The appeal of all such religions is largely to the mind. And now are we about
to enter upon a deadly conflict with such a religion since we will so shortly
begin the bold proclamation of a new religion -- a religion which is not a
religion in the present-day meaning of that word, a religion that makes its
chief appeal to the divine spirit of my Father which resides in the mind of
man; a religion which shall derive its authority from the fruits of its acceptance
that will so certainly appear in the personal experience of all who really
and truly become believers in the truths of this higher spiritual communion."
P1730:1, 155:5.13
Pointing out each of the twenty-four and calling them by name, Jesus said:
"And now, which one of you would prefer to take this easy path of conformity
to an established and fossilized religion, as defended by the Pharisees at
Jerusalem, rather than to suffer the difficulties and persecutions attendant
upon the mission of proclaiming a better way of salvation to men while you
realize the satisfaction of discovering for yourselves the beauties of the
realities of a living and personal experience in the eternal truths and supreme
grandeurs of the kingdom of heaven? Are you fearful, soft, and
ease-seeking?
Are you afraid to trust your future in the hands of the God of truth, whose
sons you are? Are you distrustful of the Father, whose children you are? Will
you go back to the easy path of the certainty and intellectual settledness
of the religion of traditional authority, or will you gird yourselves to go
forward with me into that uncertain and troublous future of proclaiming the
new truths of the religion of the spirit, the kingdom of heaven in the hearts
of men?"
P1730:2, 155:5.14
All twenty-four of his hearers rose to their feet, intending to signify their
united and loyal response to this, one of the few emotional appeals which
Jesus ever made to them, but he raised his hand and stopped them, saying:
"Go now apart by yourselves, each man alone with the Father, and there find
the unemotional answer to my question, and having found such a true and sincere
attitude of soul, speak that answer freely and boldly to my Father and your
Father, whose infinite life of love is the very spirit of the religion we
proclaim."
P1730:3, 155:5.15
The evangelists and apostles went apart by themselves for a short time.
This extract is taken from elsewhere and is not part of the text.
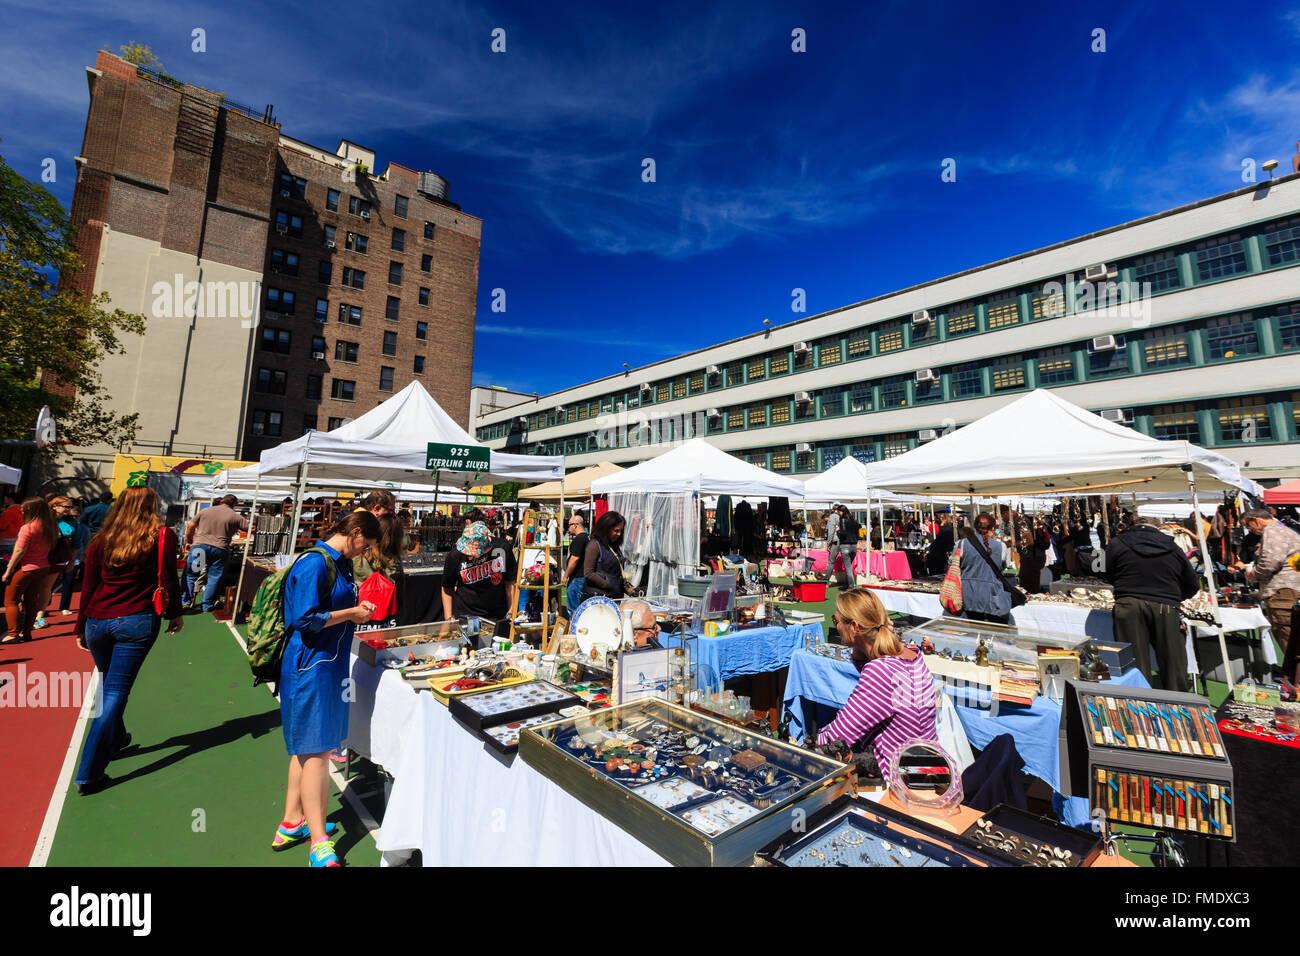 NEW YORK CITY, SEP 15: Flea market on SEP 15, 2014 at New York City. - Stock Image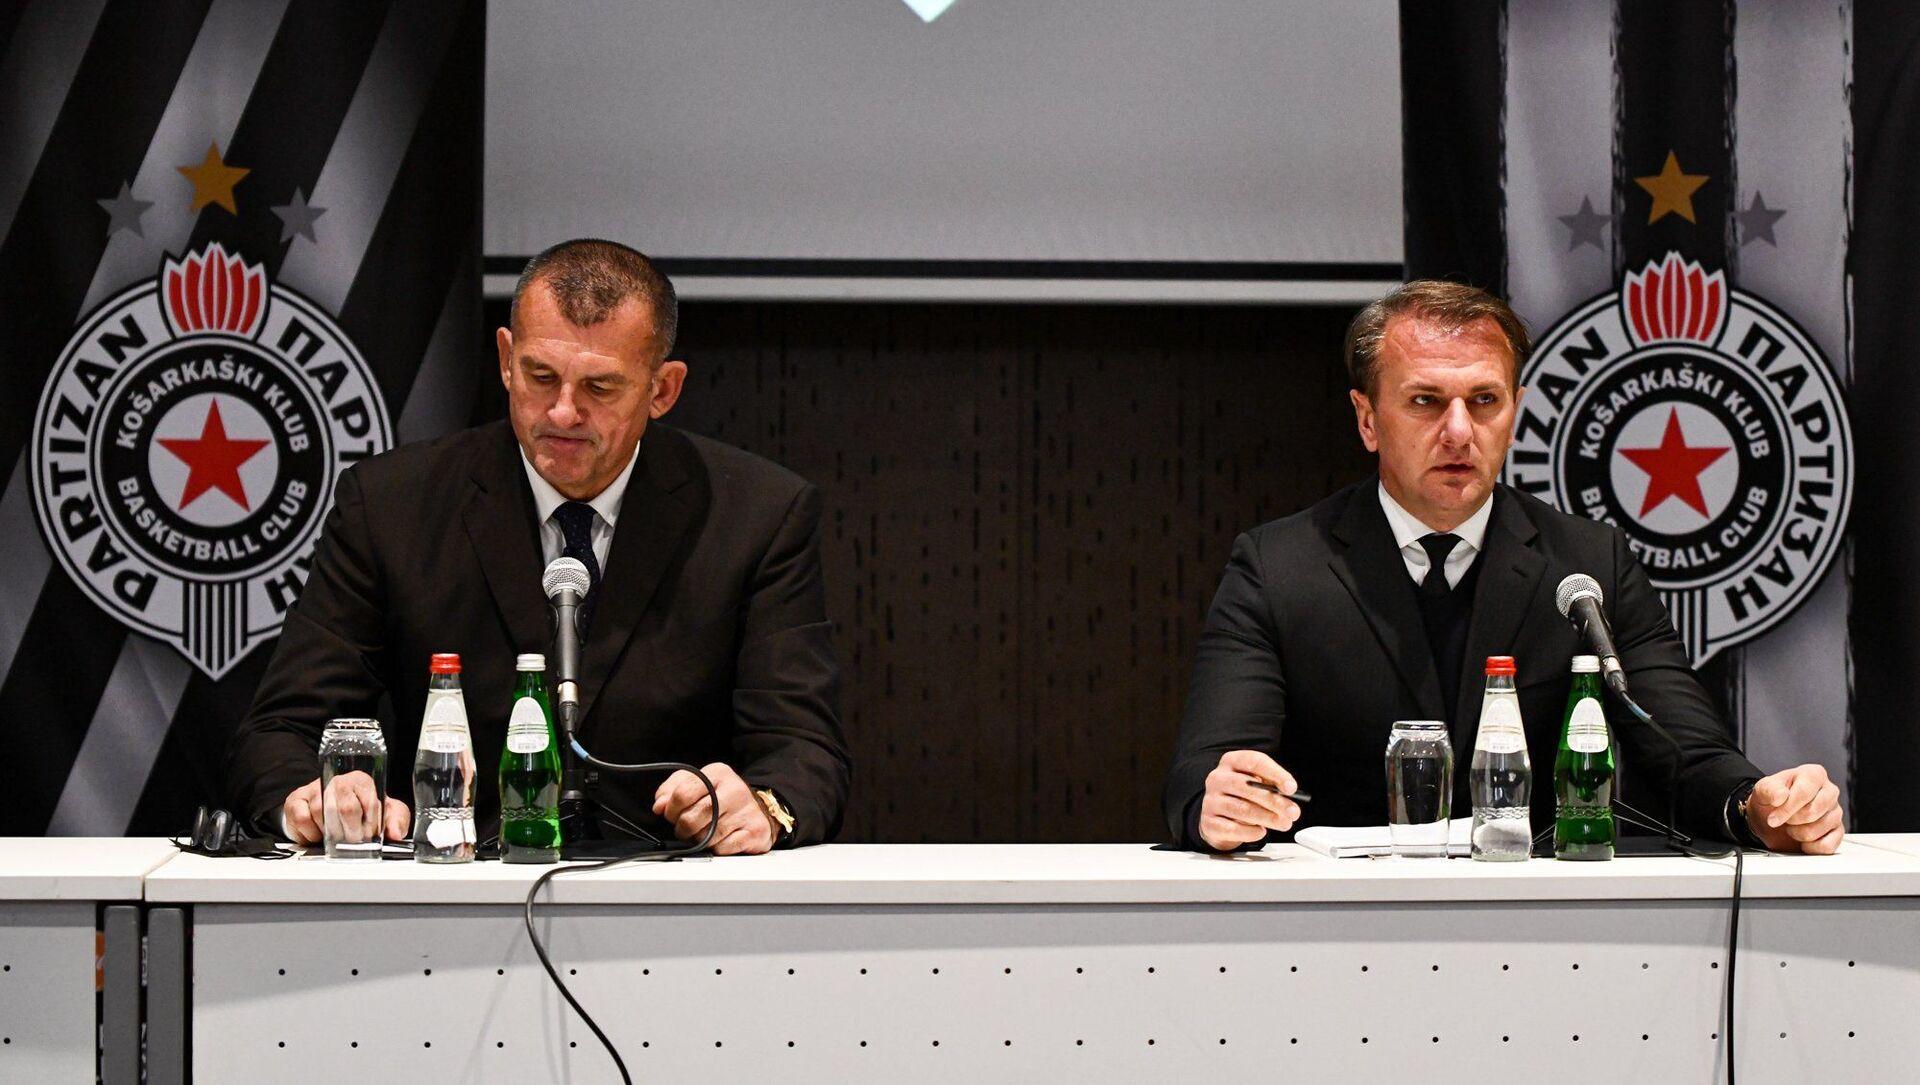 Зоран Савић, спортски директор Партизана, и Остоја Мијаиловић, председник Партизана - Sputnik Србија, 1920, 16.03.2021

Their
spirits were uplifted, their minds were inspired, and their emotions mightily
stirred by what Jesus had said. But when Andrew called them together, the
Master said only: "Let us resume our journey. We go into Phoenicia to tarry
for a season, and all of you should pray the Father to transform your emotions
of mind and body into the higher loyalties of mind and the more satisfying
experiences of the spirit."
P1730:4, 155:5.16
As they journeyed on down the road, the twenty-four were silent, but presently
they began to talk one with another, and by three o'clock that afternoon they
could not go farther; they came to a halt, and Peter, going up to Jesus, said:
"Master, you have spoken to us the words of life and truth. We would hear
more; we beseech you to speak to us further concerning these matters."